Exception: java.lang.OutOfMemoryError thrown from the UncaughtExceptionHandler in thread "HTTP-Dispatcher"

After that snapshot is restarted the connector starts to tank even earlier, after ~200K rows.

Both MySQL and Clickhouse instances have negligible load, but the connector instance has 100% CPU load and consumes full RAM constantly even when pushing tens of rows per second.

What I tried:

  • I’ve tried to use -Xmx6144M and -Xmx10240M on a 16GB instance without any noticeable effect (i.e. both of them tank and OOM)
  • Tried to tweak parameters like snapshot.max.threads, offset.flush.interval.ms, offset.flush.timeout.ms, max.request.size, max.queue.size, max.batch.size with no effect (not even sure if all of them work for this jar file)
  • Tried to change offset storage to org.apache.kafka.connect.storage.FileOffsetBackingStore, no effect (except removing the transactions not supported log). I’ve also seen Timed out waiting to flush EmbeddedEngine{id="engine"} offsets to storage even with file storage, which should not happen normally I think.
  • Tried to swtich to 0.6, same
  • Java 11, Java 17 - same

Thanks in advance.

About this issue

  • Original URL
  • State: open
  • Created 9 months ago
  • Comments: 19 (7 by maintainers)

Most upvoted comments

I was facing the same issue and tuning using snapshot.fetch.size in config.yml allowed me to throttle the snapshot creation which solved my issue.

@AdamKatzDev, I have faced with this issue too. The reason is that method put() in ClickHouseSinkTask receives records faster than ClickhouseBatchRunnable processes them. I have solved that issue by adding a code to control a buffer filling. If limit of records in a buffer (buffer is the “records” field in the ClickHouseSinkTask class) is reached, method put() continuously polls its condition until it’s free for a new batch.

    @Override
    public void put(Collection<SinkRecord> records) {
        long taskId = this.config.getLong(ClickHouseSinkConnectorConfigVariables.TASK_ID.toString());
        long recievedRecordsCount = records.size();
        totalRecords += recievedRecordsCount;
        log.debug("******** CLICKHOUSE received records **** " + totalRecords + " Task Id: " + taskId);
        while (this.getBufferCount() + recievedRecordsCount > bufferMaxRecords) {
            try {
                Thread.sleep(100);
            }
            catch(InterruptedException e) {
                log.error("******** SLEEP ERROR {} ****", e.getMessage());
            }
        }
    public long getBufferCount() {
        long recordsInBuffer = 0;
        for (Map.Entry<String, ConcurrentLinkedQueue<ClickHouseStruct>> entry : this.records.entrySet()) {
            recordsInBuffer += entry.getValue().size();
        }
        return recordsInBuffer;
    }

Thank you for swift responses, folks.

@subkanthi

My guess is that the Xmx settings did not get applied. you can do a ps -ef in the docker container and check if its applied to the java process.

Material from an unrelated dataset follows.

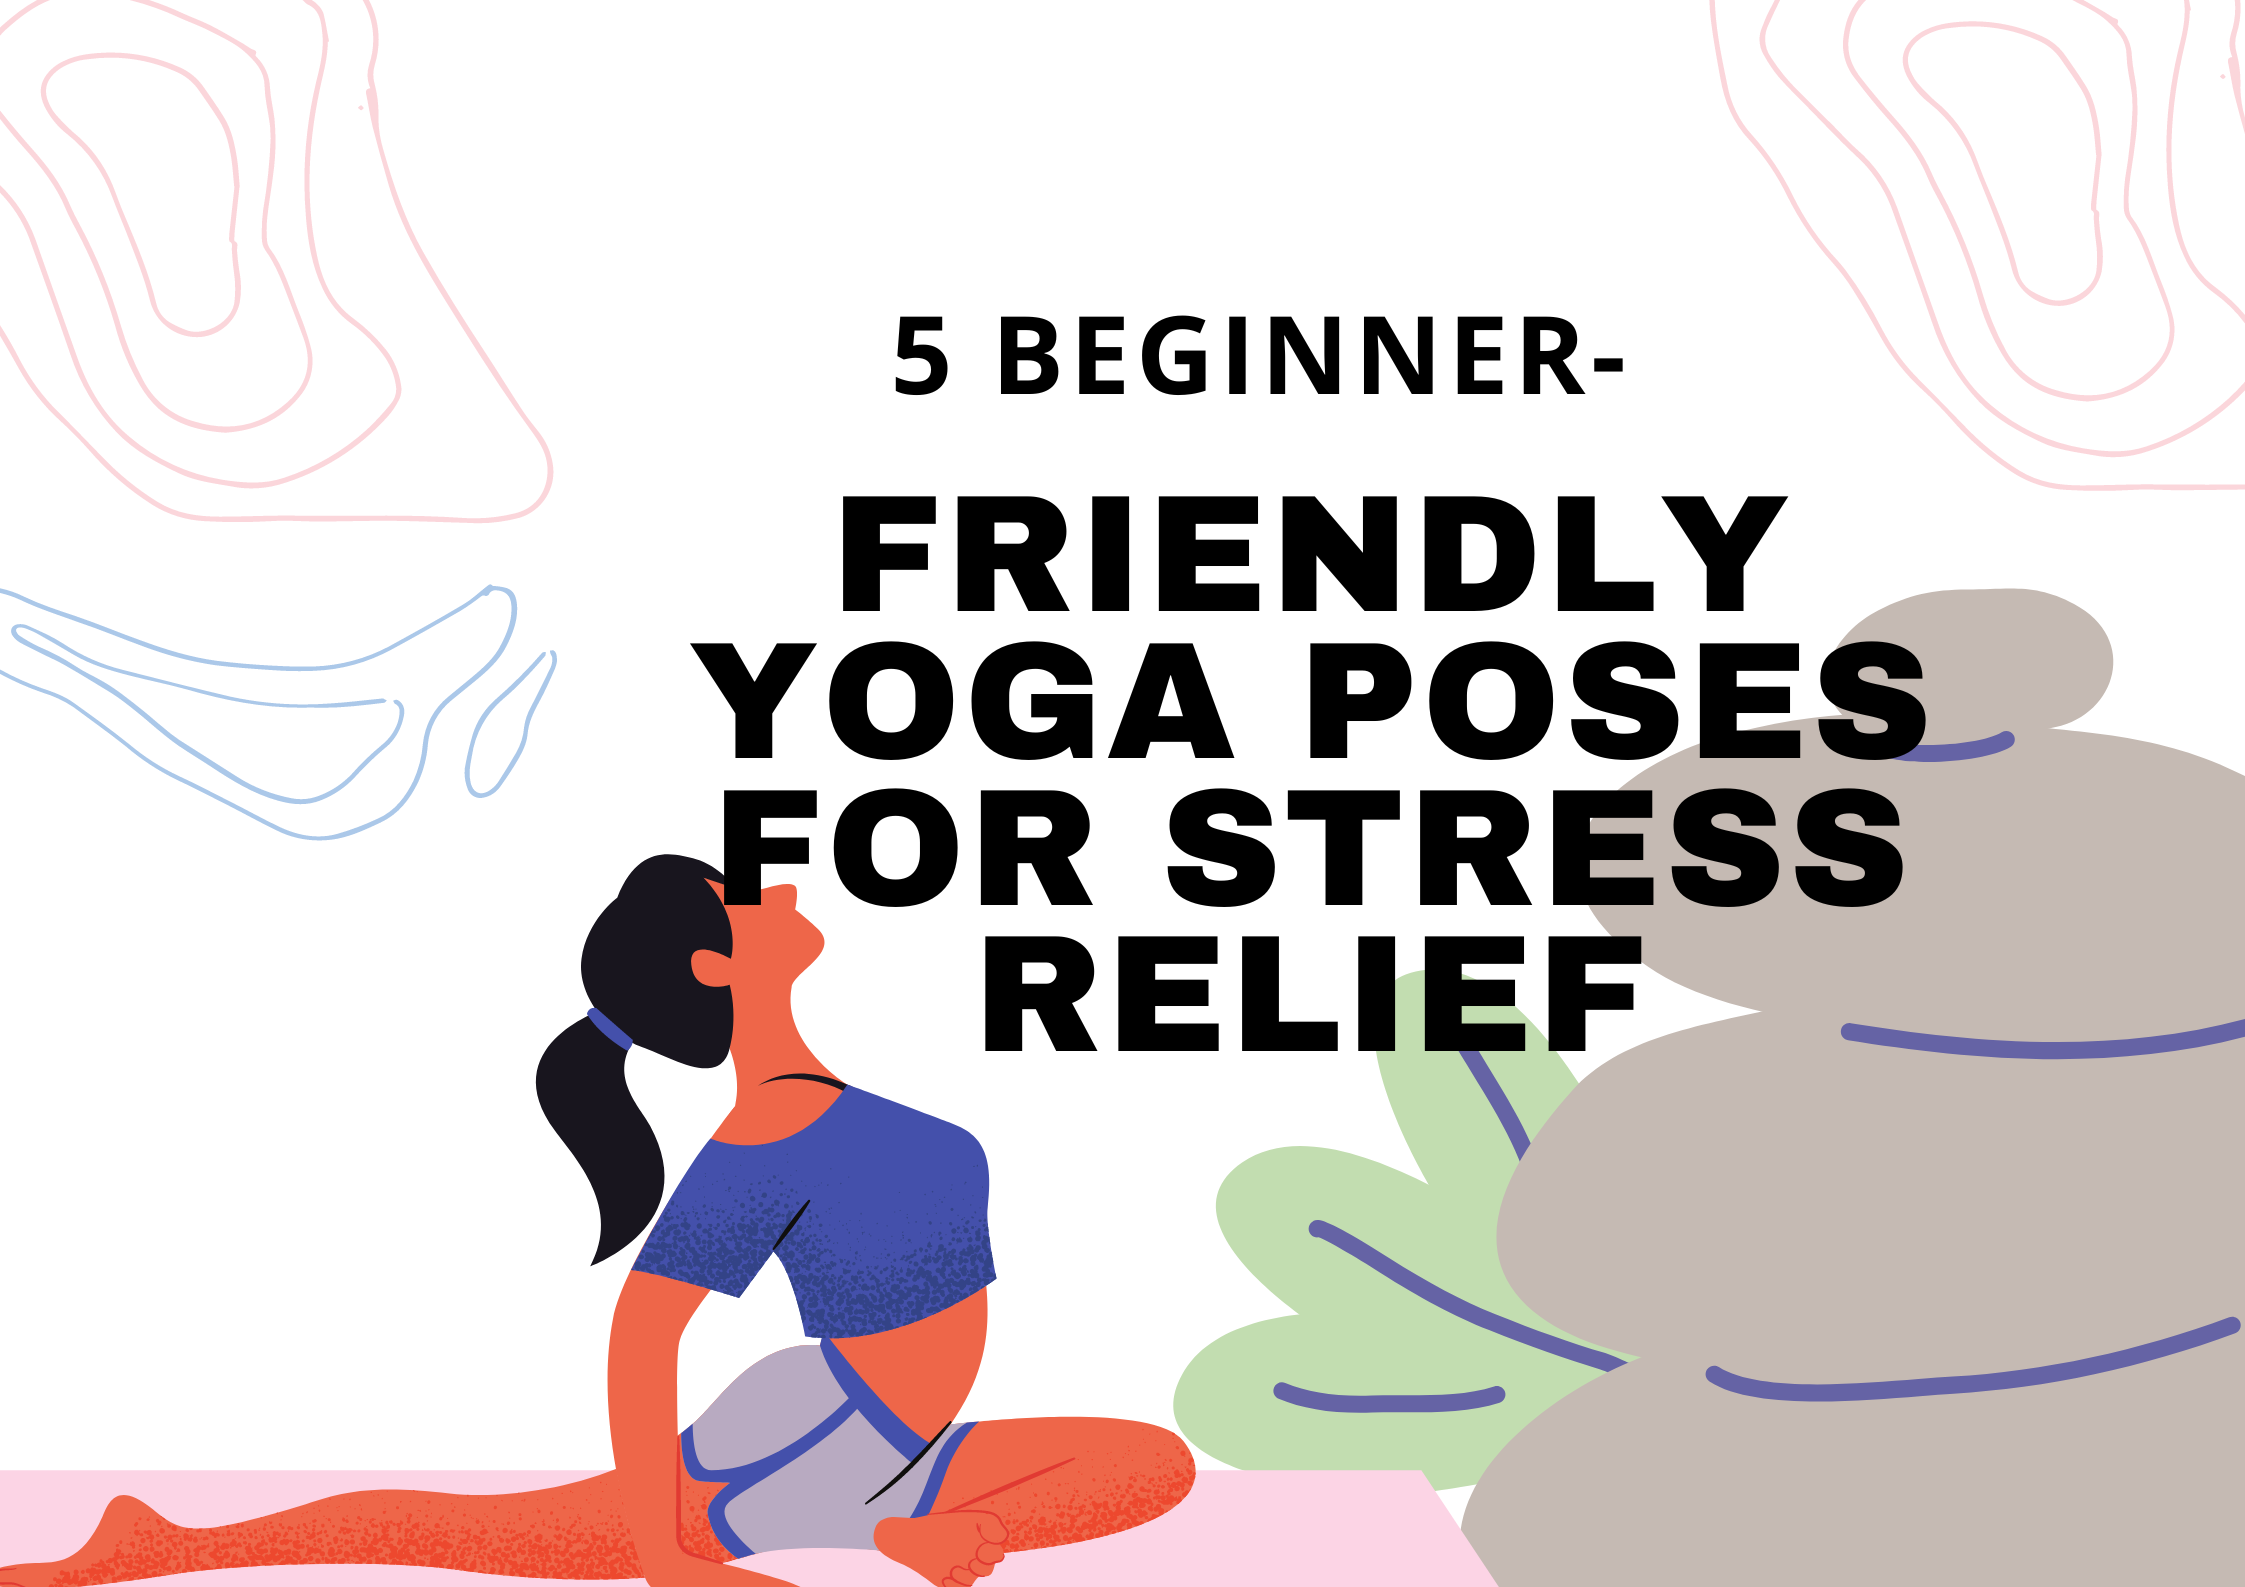 5 Beginner-Friendly Yoga Poses for Stress Relief

It 100% applies, I’ve verified it using htop, after applying -Xmx10240M RAM consumption increased to, yeah, about 10G. The command is the following: java -Xmx10240M -jar clickhouse-debezium-embedded-1.0-SNAPSHOT.jar config.yaml

I’ve also tried to spin the docker image. Looks like it does not respect JAVA_OPTS env. I had to override entrypoint to this: java -agentlib:jdwp=transport=dt_socket,server=y,suspend=n,address=*:5005 $JAVA_OPTS -jar /app.jar /config.yml com.altinity.clickhouse.debezium.embedded.ClickHouseDebeziumEmbeddedApplication The result is the same, import slows down to low values, then OOMs.

@aadant

This project has all the tooling to do it

Yeah, I saw mentions of Clickhouse Loader, but the documentation link on the main page leads to 404 (https://github.com/Altinity/clickhouse-sink-connector/blob/develop/python/README.md). Could you please lead me to the tool?

In order to initialize large databases

The logical dump I am trying to create snapshot from weights 29GB uncompressed. The largest table is 14GB, but the snapshot process stalls after processing ~5GB (two tables 1.7GB and 3GB respectively). Is this really the limit?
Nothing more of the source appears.